To that end, Park backed long-discussed proposals that would see Russia develop its vast East Siberian gas reserves and build export capacity to the Chinese, Japanese and the South Korean markets.

“In the 1980s, Russian gas was developed and introduced to Europe. We need to have new initiatives for energy cooperation like this,” Park said. “We need to create the conditions where the joint cooperation could be made for oil and gas development in East Siberia and also shale gas development in China and North America.”

Russia has been discussing the development of East Siberian gas for export with China for nearly a decade, though disagreements over price have been the main sticking point in those discussions.

In addition to sending gas to China, Russian gas export monopoly Gazprom has proposed either building a pipeline through North Korea or a subsea gas pipeline from China’s northeast coast into South Korea if a deal cannot be reached with Pyongyang.

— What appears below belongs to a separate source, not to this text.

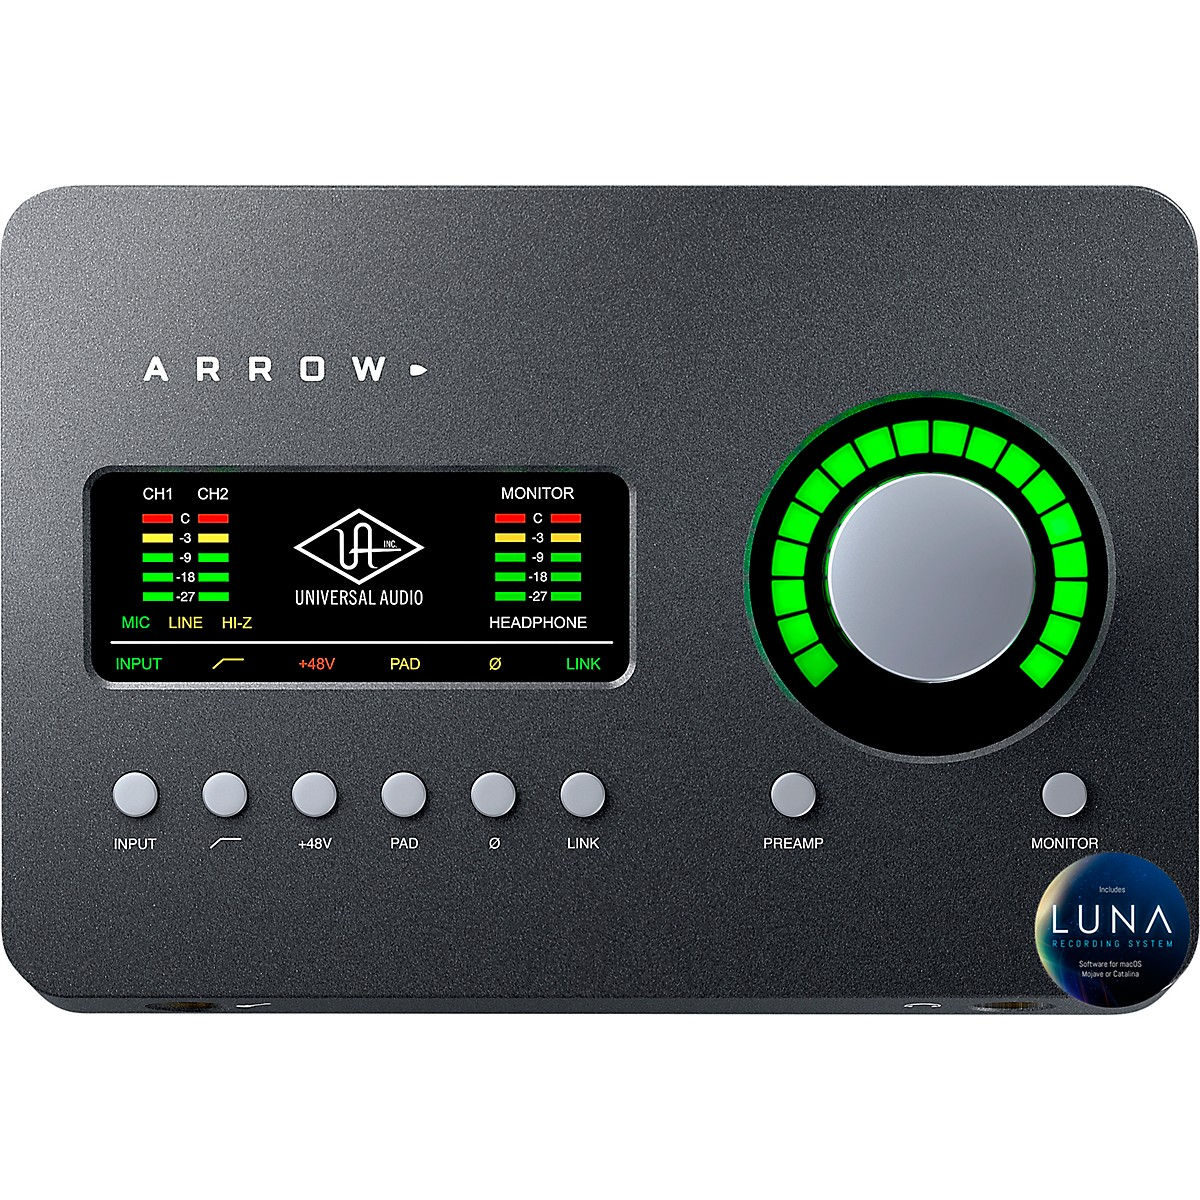 Universal Audio Arrow Audio Interface

Park also urged the region’s governments to work towards better integrating their energy infrastructure. “We have to create the environment that makes energy infrastructure connected with each other, including regional power grid, gas pipe network, and oil pipelines,” she said.

The region’s governments should work on a new cross-border energy agreement that would establish the legal and political framework needed to attract private investment for the projects, said Park.

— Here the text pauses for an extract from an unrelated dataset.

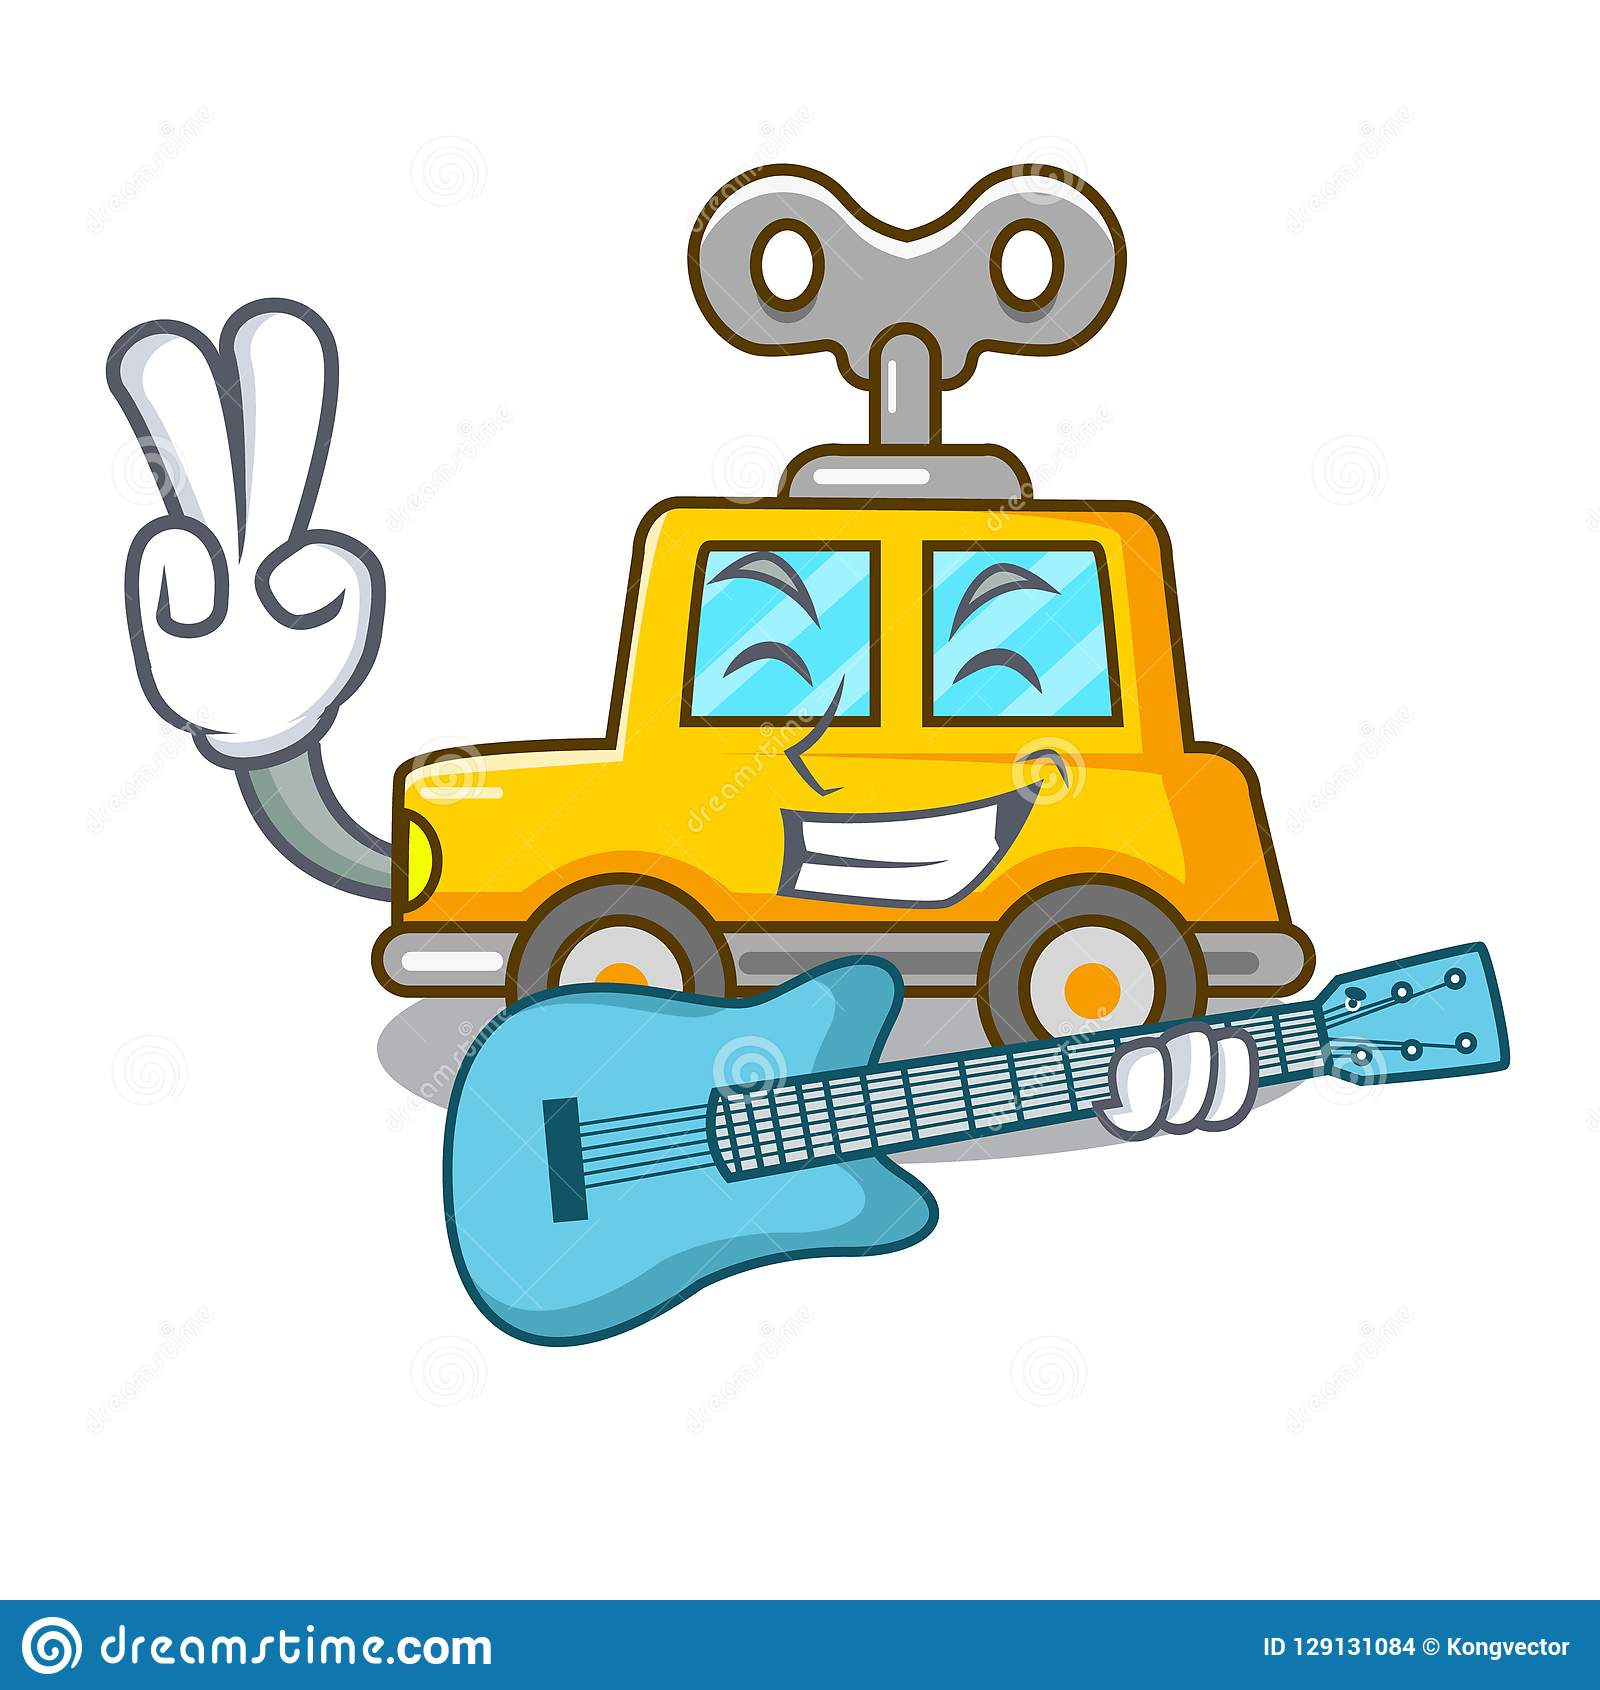 Historieta El Del Mecánico Juguete Con Coche Guitarra La De shdrtQ

Park also called on governments and international institutions to shift their focus from fossil fuels to clean energy. “Currently, energy policies and institutions in most countries have focused on stable supply of fossil fuels. We have to review from scratch whether the existing energy policies and institutions are appropriate to achieve our new goals of securing clean, safe and available energy for all,” she said.

Park pledged that South Korea would use its experience of rapid economic and energy development over the past 50 years to help lead the way on addressing the world’s pressing energy problems.

Park pointed to the use of advanced technologies in the power distribution network as a way Korea plans to improve its energy efficiency, create new jobs and build new markets.“We will reduce the electricity consumption by using ICT, including Energy Storage Systems and Energy Management System and build a system where the saved electricity can be traded on the power exchange,” Park said. “We expect that we can reduce up to 1 million kilowatts of peak electricity and create a 3.5 trillion won ($3.27 billion) market and 15,000 jobs through this system.”

Although South Korea is one of the world’s largest energy importers, Park said that the country still has much to contribute to the global energy market. Although the country is scaling back its nuclear ambitions at home after post-Fukushima safety concerns, South Korea is keen to export its knowhow abroad. The country won a $20bn deal to build a reactor in the United Arab Emirates in 2009 and is keen to secure more such deals.

South Korea will also use its status as both major oil importer and oil products exporter to build cooperation in the international energy community, Park said. “We are now faced with the biggest challenge ever in relation to energy on a global scale,” Park said. “Where there is a will there is a way. We are faced with challenges in the global energy sector but if we gather our wills together there must be a way and a solution.”